What the task requires:
Word for word, reproduce each line of the data below, omitting every image.

Source data:
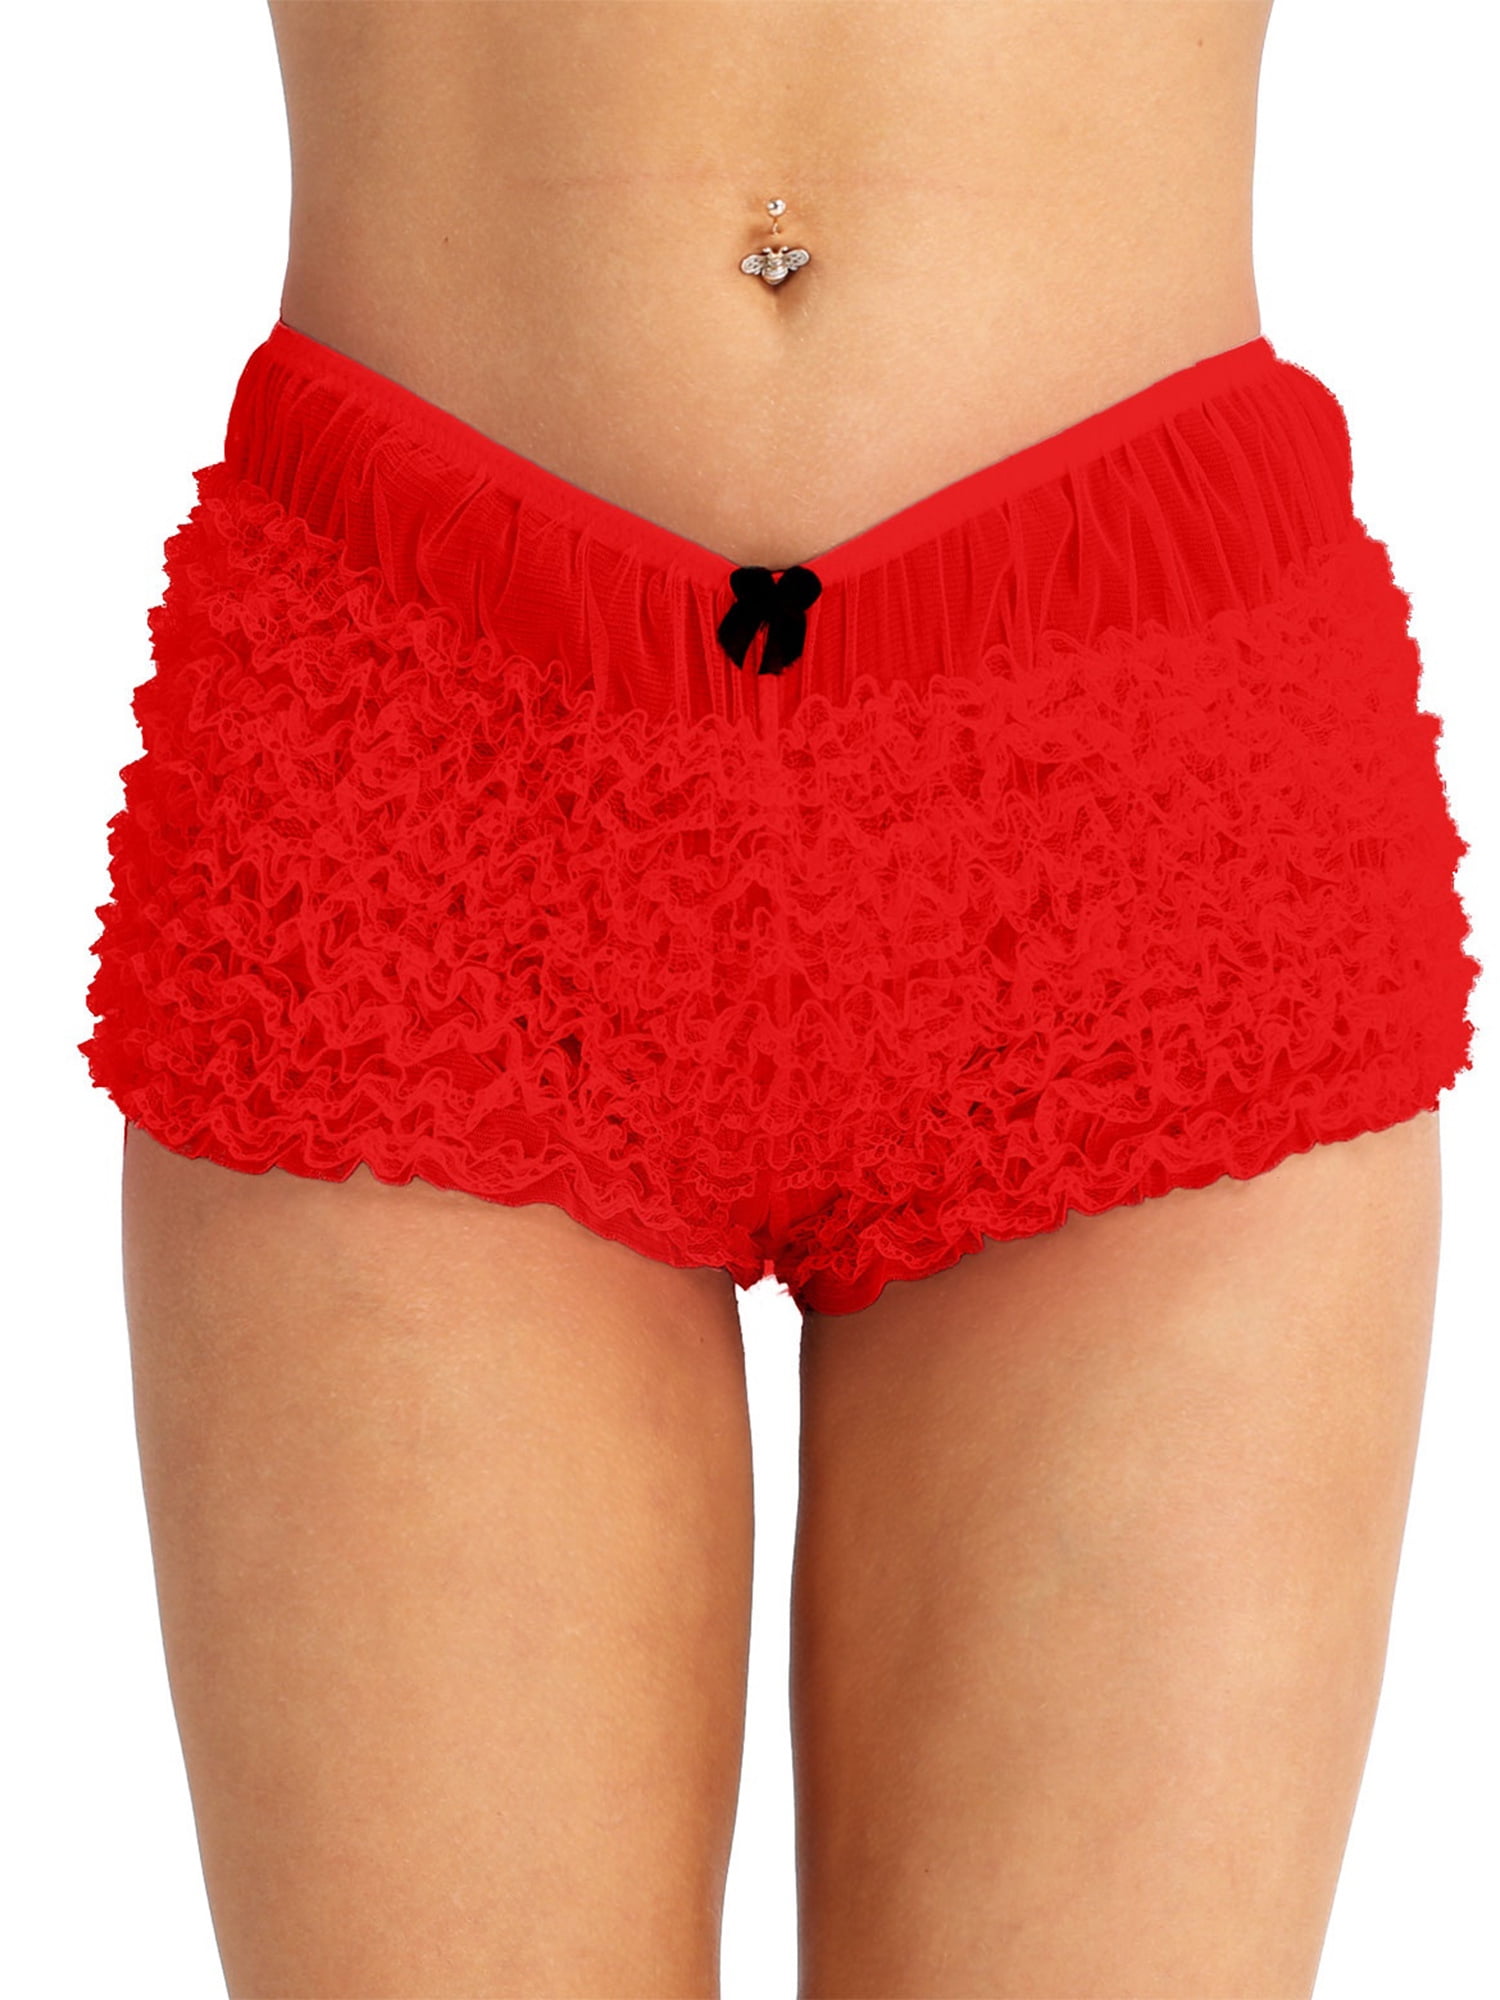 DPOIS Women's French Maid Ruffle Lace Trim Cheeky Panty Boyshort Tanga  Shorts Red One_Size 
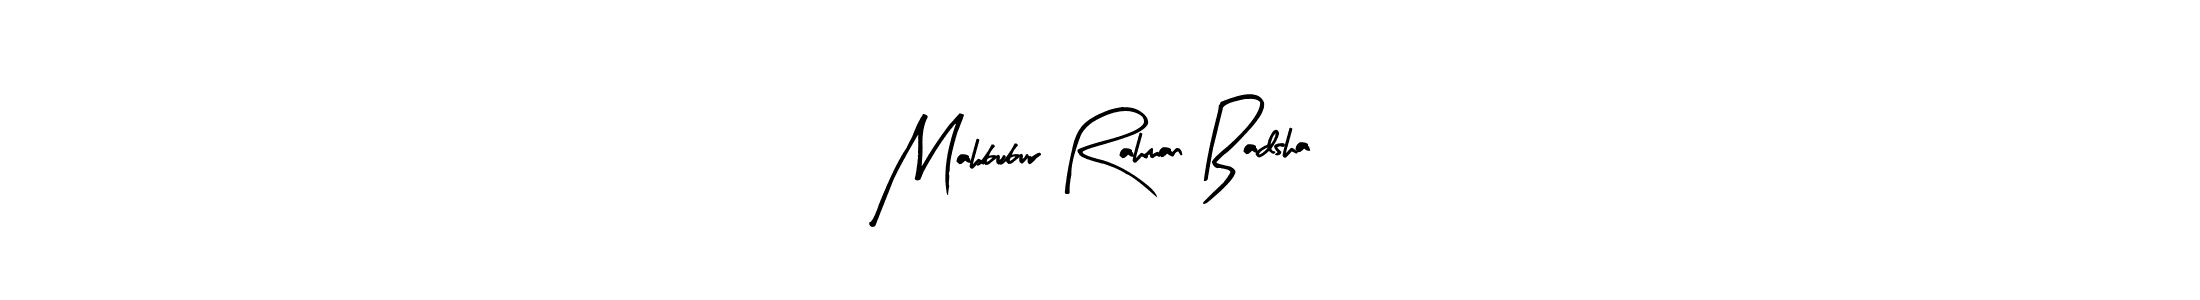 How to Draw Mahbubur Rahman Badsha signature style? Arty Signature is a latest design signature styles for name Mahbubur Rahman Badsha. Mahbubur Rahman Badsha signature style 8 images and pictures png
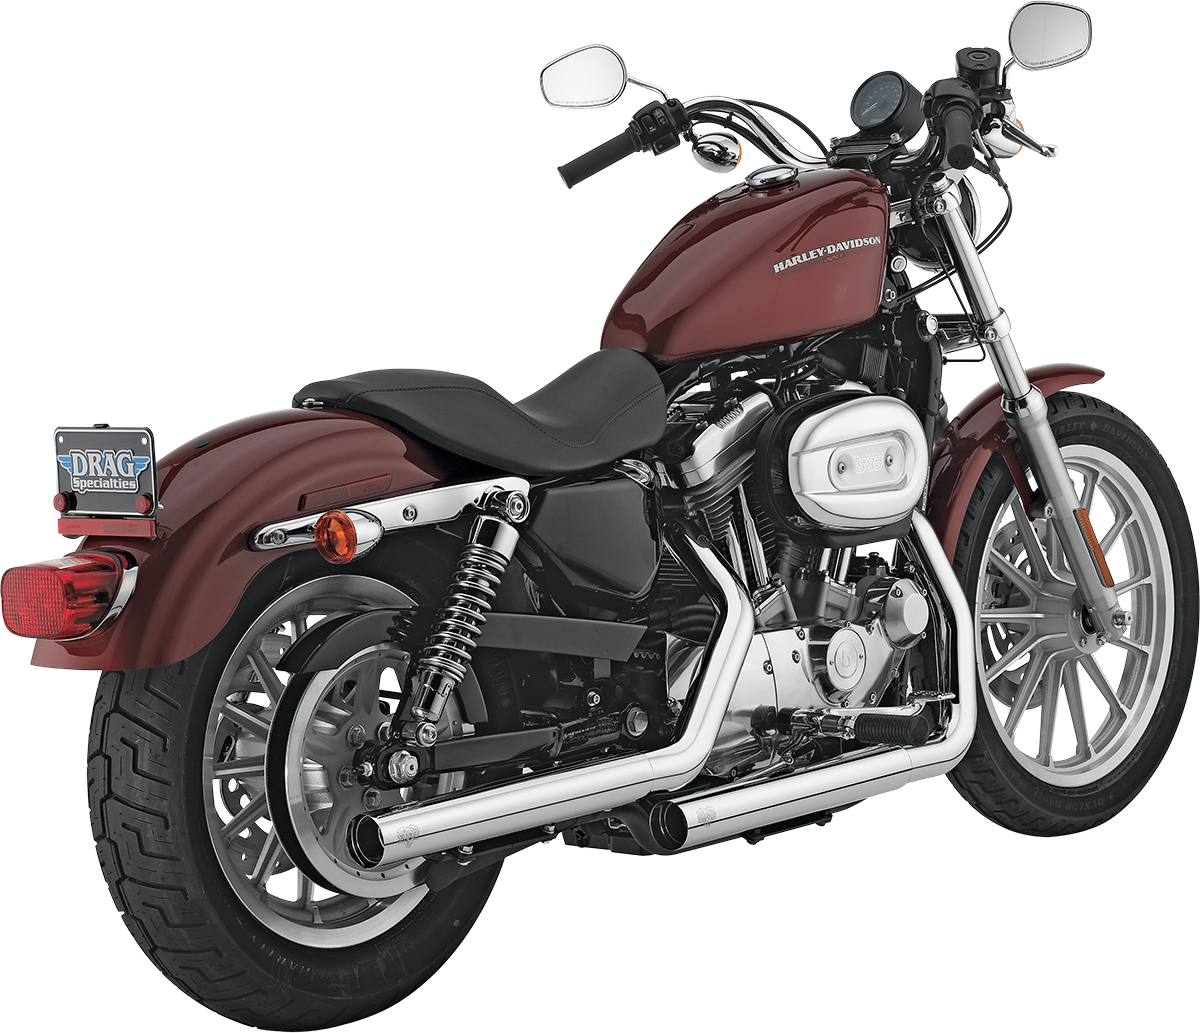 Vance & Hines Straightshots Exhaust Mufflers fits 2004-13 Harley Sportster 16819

Written solution:
 DPOIS Women's French Maid Ruffle Lace Trim Cheeky Panty Boyshort Tanga  Shorts Red One_Size 
 How to Draw Mahbubur Rahman Badsha signature style? Arty Signature is a latest design signature styles for name Mahbubur Rahman Badsha. Mahbubur Rahman Badsha signature style 8 images and pictures png
 Vance & Hines Straightshots Exhaust Mufflers fits 2004-13 Harley Sportster 16819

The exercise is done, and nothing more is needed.